Always check for wax, and remove it, before applying any solvents to your piece to figure out which clear coat you have.
If you can scratch the clear coat with the back of your fingernail or a coin, without much effort, there is probably wax on it. Clean the wax off with mineral spirits before attempting to identify which clear finish you have.
DO NOT sand the piece if there’s wax on it.
It will not remove the wax, only spread it around more, and push it deeper into the surface of the wood. It’s difficult enough to remove wax completely from wood, don’t make it harder on yourself!
Use lots of clean rags and mineral spirits, changing frequently. If the rag feels waxy, it’s most likely spreading wax around on your piece even more. Change to a fresh one to avoid this annoyance.
Once you know your piece is free from wax, you can perform a pretty simple test to narrow down your clear coat.
You’ll need 3 things:
Be sure to test your piece in the exact order I have here. Some solvents work for multiple finishes, so this order is the best way to narrow it down correctly.
How To Identify Lacquer, Shellac, Varnish, and Polyurethane Wood Clear Coats.
1. Apply a drop or two of Denatured Alcohol to an inconspicuous spot on the piece. Let it sit for about 10 seconds, then check it.
– If the finish is shellac, the surface should be soft and sticky.
-If the denatured alcohol just sits on top of the finish, or nothing happens, try the next step.
2. Apply a small amount of Lacquer Thinner to a different, inconspicuous spot on the piece.
– If, after a few seconds, the clear coat softens almost to a liquid form, or is soft, sticky, or mushy, you’ve got a lacquer finish. If the lacquer thinner beads or sits on top of the clear coat, you’ve most likely got a varnish or polyurethane finish.
3. At this point, if you know it’s not a lacquer or shellac finish, then you’re looking at a varnish finish. Believe it or not, polyurethane is just a type of varnish.
Yes, the two are different, but it honestly doesn’t matter a whole lot whether it’s varnish or poly based on how you will repair it.
The only thing you might need to know is whether it’s water-based/waterborne or oil. Varnish is an oil-based resin that is great for outdoor furniture. Polyurethane can be either water or oil-based. To be sure, try out the xylene.
– Apply the xylene to a different spot on your piece, and leave it on for a bit longer than the lacquer thinner or alcohol. If the area becomes sticky, you’re looking at a water-based polyurethane.
– If nothing happens, you’ve got a varnish or oil-based polyurethane finish. Both can be repaired the same way, which I will discuss later in this article.
Once you’ve figured out the clear coat you’re working with, you can attempt to repair it.
Each clear coat has to be repaired in it’s own specific way. I will explain each one separately for you next!
Before I do though, I just want you to make sure, one more time, that you only need to repair the clear coat, and not completely refinish the entire piece.
If the scratches on your piece go all the way down to the wood, you may need to sand and re-stain your piece as well as redo the clear coat.

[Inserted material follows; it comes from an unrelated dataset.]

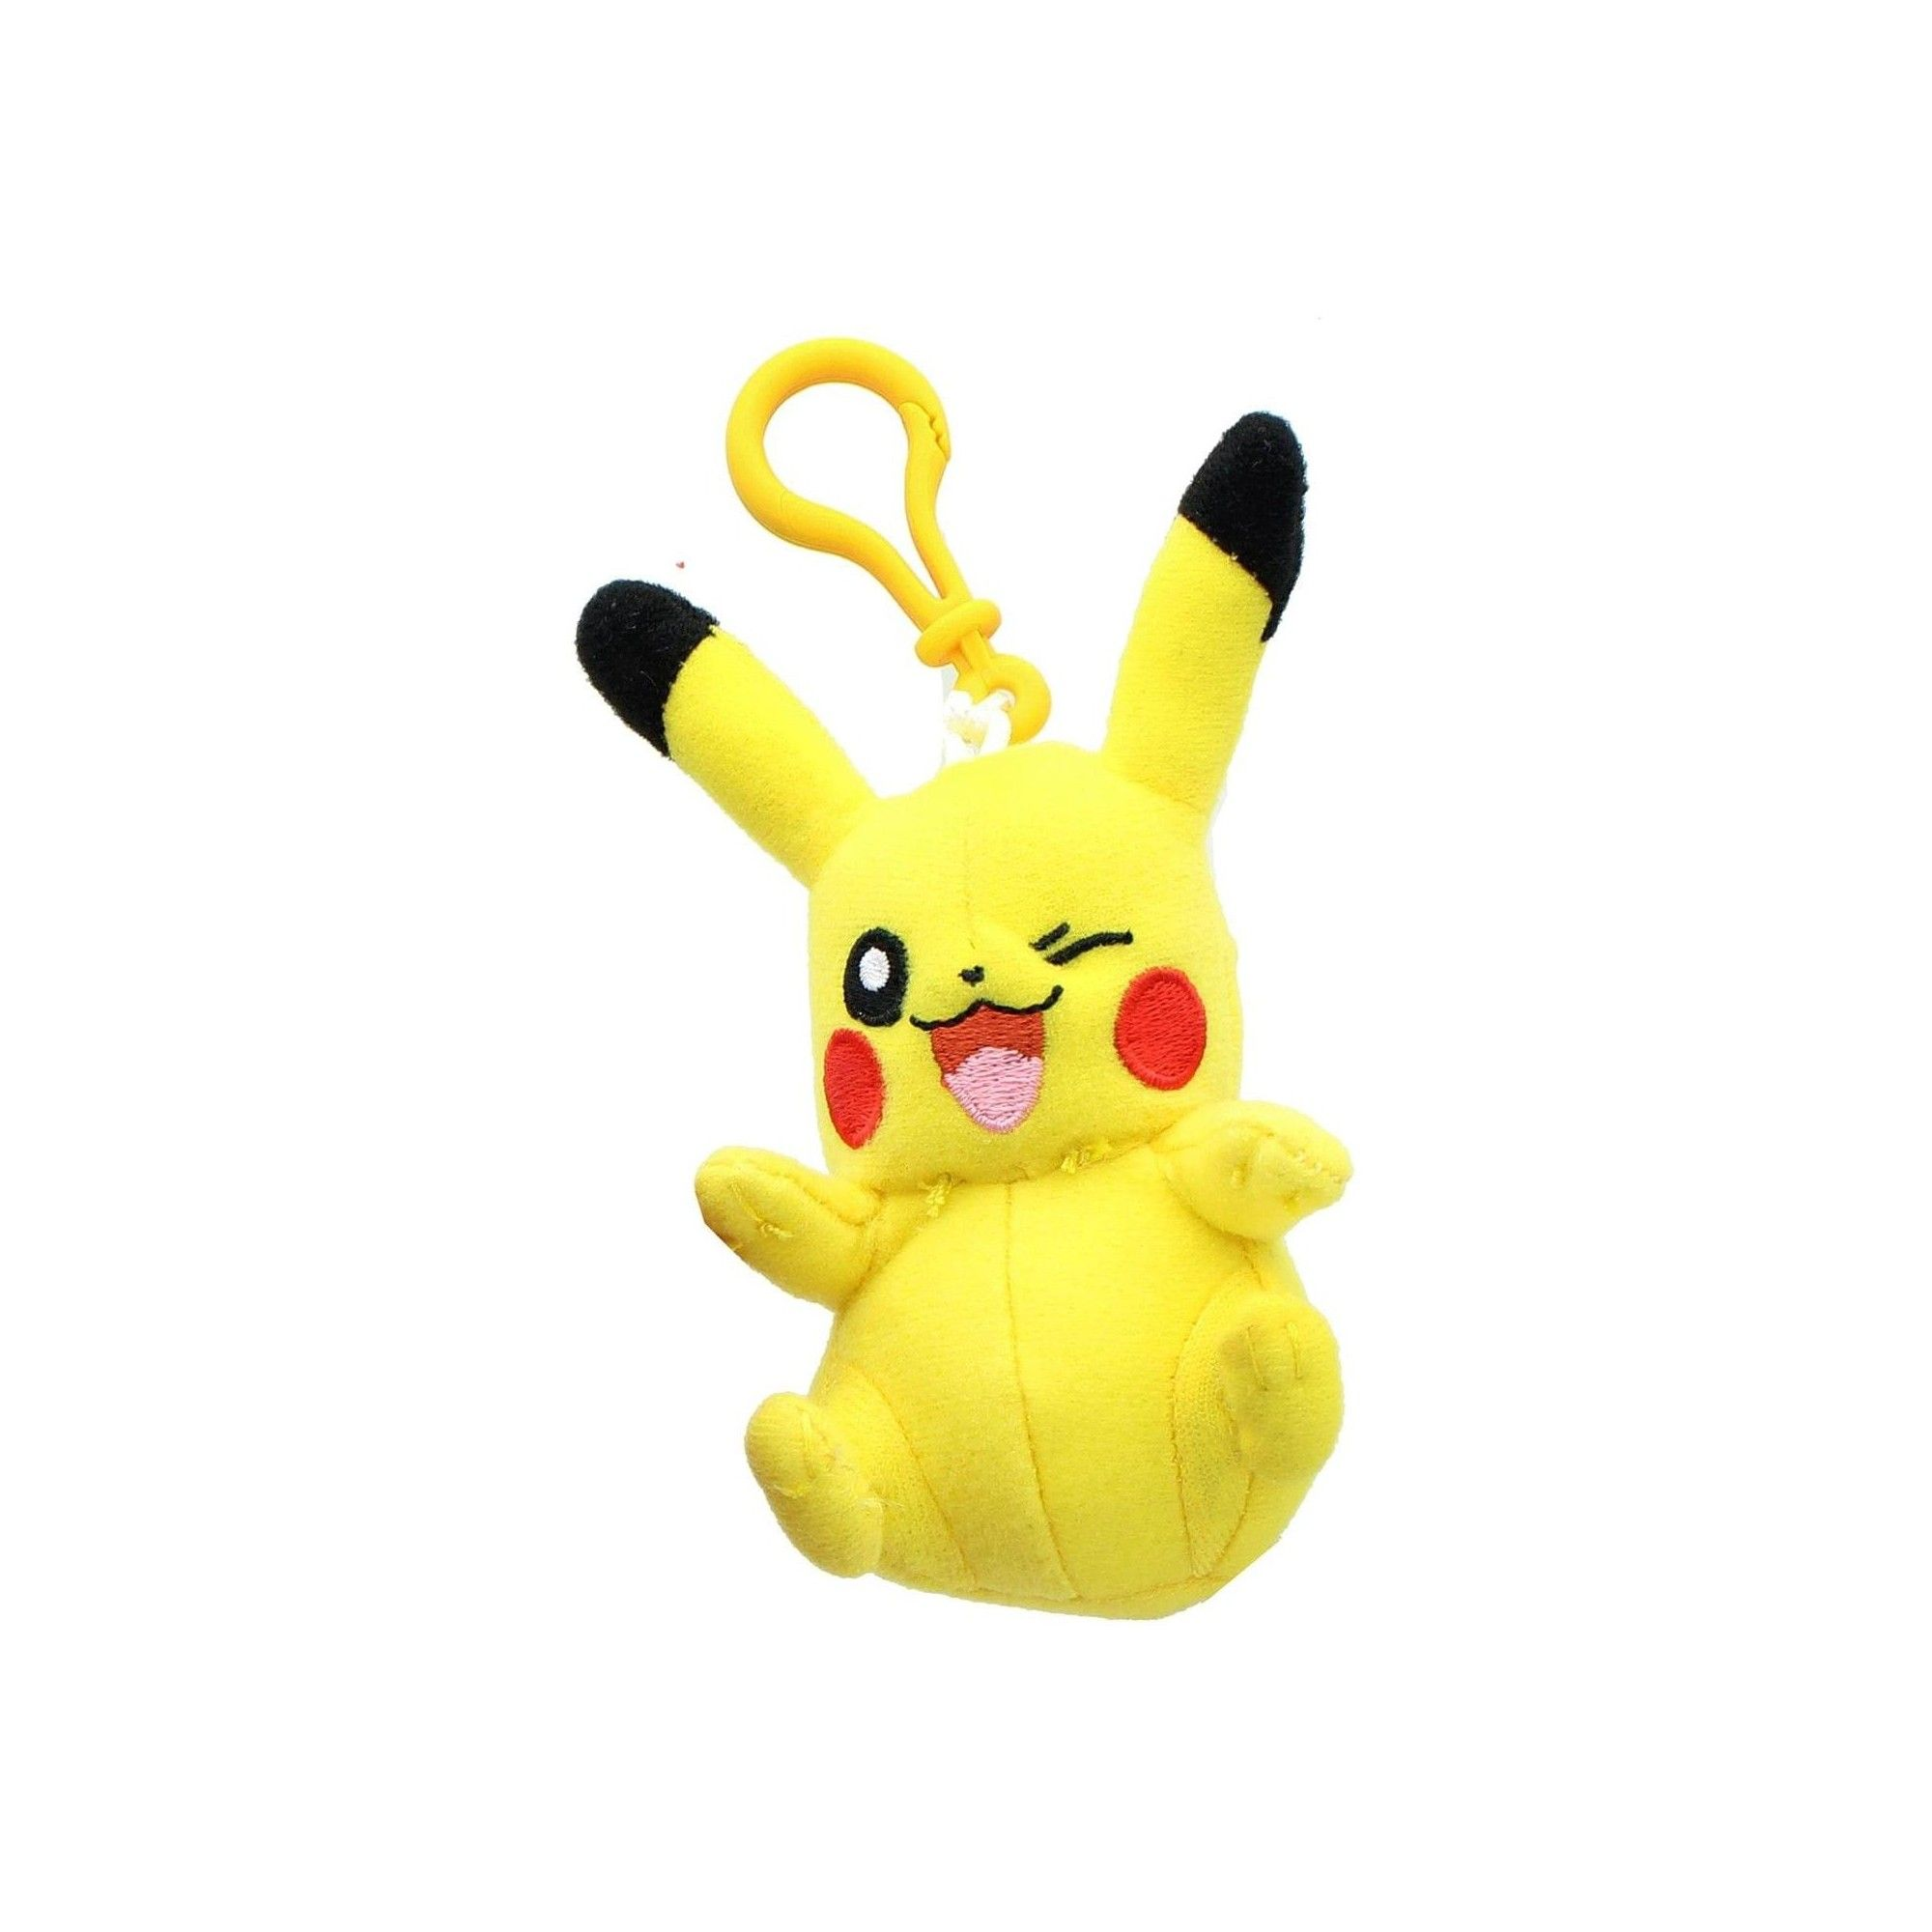 Pikachu Pokemon 3 Inch Plush Clip On

Most often, damages to clear coat finished wood tables, are only surface scratches.
Sometimes it may even be damage to the wax or furniture polish on top of the clear coat!
If you look at the scratch from an angle, it may appear white, but the wood beneath should not have any discoloration. If this is the case, you’re looking at a surface scratch.
If the wood itself looks lighter beneath the clear coat, it may also be damaged. In that case, you would have to completely refinish the table, including stripping and/or sanding and re-staining the wood.
To be completely sure the scratches are superficial, clean the surface thoroughly.
I usually try mineral spirits first-off either way. Just in case there are any waxes anywhere on the surface. Afterward, warm water and dish detergent should be sufficient enough to remove any other oil or dirt build-up on the surface.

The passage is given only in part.